La complessità, che non si può ignorare, contiene in sé la bellezza di districarsi attraverso il labirinto. Quando si arriva alla fine del proprio cammino (o del labirinto!) la bellezza è svanita. Bellezza, che, a livello didattico, è da far scoprire e vedere, illuminandola, che sta nel superare, grazie alla matematica, la complessità. Un esempio concreto di equilibrio tra bellezza e complessità avviene quando studenti e studentesse riescono a dimostrare un teorema: oltre ai due poli di cui sopra, c’è anche scoperta e soddisfazione.  

Spesso, afferma Riccardo, dove c’è complessità non c’è bellezza. O meglio, spesso non si riesce a vederla o intravederla. Un esempio di ciò possiamo averlo nell’arte. Un quadro che rappresenta una scena bucolica trasmette bellezza. Ma vedendo un quadro di arte moderna, vederne bellezza è complesso senza alcuna spiegazione dell’opera! 

“A volte il bello della matematica è proprio la sua complessità!”

Da una poetica della matematica a una matematica della poesia

Riccardo ovviamente ravvede molta poetica nella matematica, ma come si applica la matematica alla poesia? Riccardo trova risposta a questa domanda grazie a Borges. In effetti, la matematica è alla base di molte sue costruzioni narrative. Il poeta utilizza spesso, infatti, la ricorsione o l’infinità di numeri per costruire un racconto con un artificio matematico. Trovare matematica all’interno della poesia, al di là dei temi proposti, non è semplice. 

La matematica come materia scolastica: emozioni e pluridisciplinarità

Introduciamo questo argomento con una differenza, presente e spiegata nel libro di Riccardo Giannitrapani, che ci ha fatto molto pensare. Sono le domande “a cosa serve la matematica?” e “cos’è la matematica?” che contengono una differenza intrinseca nella loro struttura, che porta con sé una differente visione della materia stessa. 

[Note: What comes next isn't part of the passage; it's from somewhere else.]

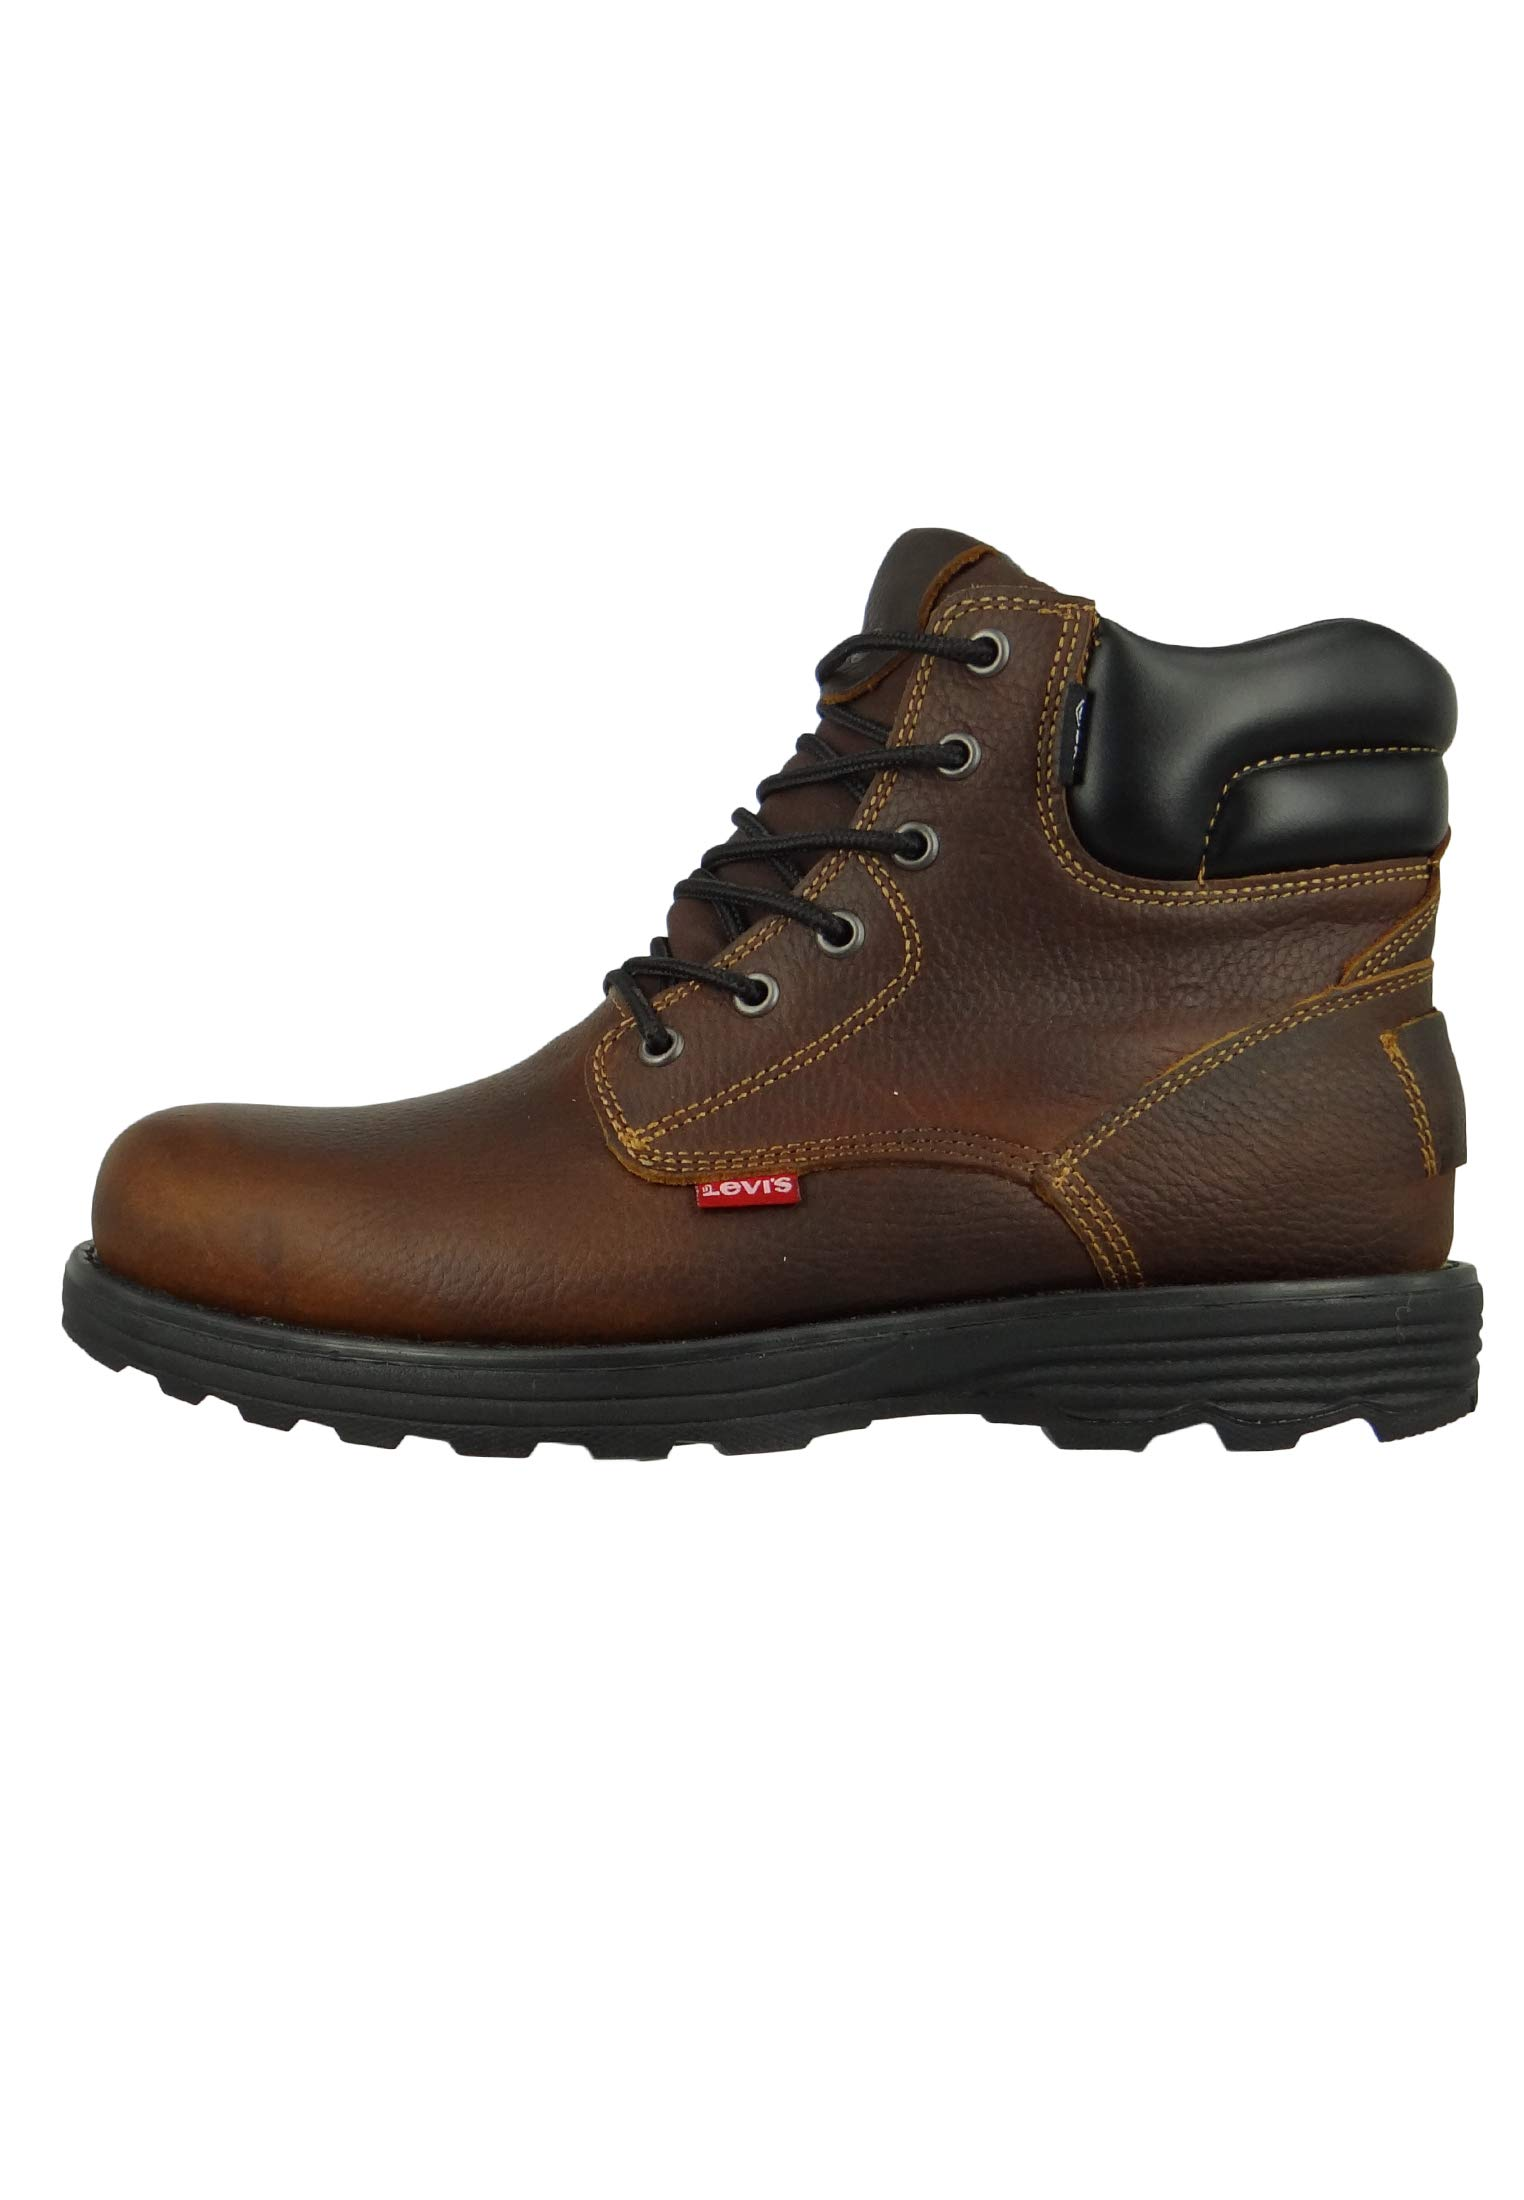 Levi's Arrowhead 228777-829-128 Men's Walking Boots Brown 2

Riccardo ci racconta questa differenza di visione con molta ironia, poiché lo vive quotidianamente in classe. Molti alunni e alunne chiedono “Prof., ma questo lo mette nella verifica?”, che è la prova di quanto la cultura scolastica (e non solo) sia ormai pregna di utilitarismo. Anche se, è la scuola in prima linea  a “promuovere” questa tendenza a vivere la matematica come qualcosa di funzionale a qualcos’altro. Viene quindi appresa e insegnata perlopiù solo come applicazione tecnica

Nel discorso di Riccardo emerge come lui si sforzi di fare dei tentativi di integrare la matematica ponendola sia come materia tecnica e scientifica, sia come materia umanistica. Fa un esempio con l’italiano: può non piacere la letteratura, ma tutti si sentono di scrivere qualcosa. C’è un margine di libertà nell’italiano come materia. La matematica, invece, insegnata solo come esercizio da risolvere, diventa un ostacolo. Non può essere considerata come una materia utile a svolgere un esercizio di obbedienza. Non ci può essere una didattica dell’obbligo, ma deve esserci una didattica della responsabilità, anche e soprattutto con la matematica. 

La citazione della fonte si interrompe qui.